How fast the system makes updates has nothing to do with it.
Premise: The current state is "foo". Alice would like to change the state to "bar". Bob would like to change the state to "baz". Alice and Bob are friendly (non-antagonistic) coworkers.
Naive sequence:
1. Alice: READ STATE => foo
2. Bob: READ STATE => foo
3. Alice: SET STATE=bar
4. Bob: SET STATE=baz <-- this is where the "confusing"/"wrong" thing happened. Bob did not expect to overwrite his coworker's work.
The solution is that instead of a naive "set", to use "test-and-set" operation.
Bob may or may not be concerned with what the state is/was, and more concerned with what state the system needs to converge on.
I take your point, although the assumption is that Bob wants to set state=baz IFF (if and only if) state==foo. However he may simply need the state to be baz, regardless what the previous state was.
Many systems (especially caching systems) make a point of differentiating the `set` operation from a `check and set` operation (usually known as `cas`) in systems where both of these operations are available you are quite able to intelligently differentiate those two resolution states.

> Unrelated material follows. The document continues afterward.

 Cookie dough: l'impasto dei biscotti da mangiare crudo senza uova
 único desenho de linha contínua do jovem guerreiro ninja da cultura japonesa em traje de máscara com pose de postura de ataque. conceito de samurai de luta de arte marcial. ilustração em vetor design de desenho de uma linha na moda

Premise: The current state is "foo". Alice would like to change the state to "bar". Bob would like to change the state to "baz". Alice and Bob are friendly (non-antagonistic) coworkers.
Naive sequence:
1. Alice: READ STATE => foo
2. Bob: READ STATE => foo
3. Alice: SET STATE=bar
4. Bob: SET STATE=baz <-- this is where the "confusing"/"wrong" thing happened. Bob did not expect to overwrite his coworker's work.
The solution is that instead of a naive "set", to use "test-and-set" operation.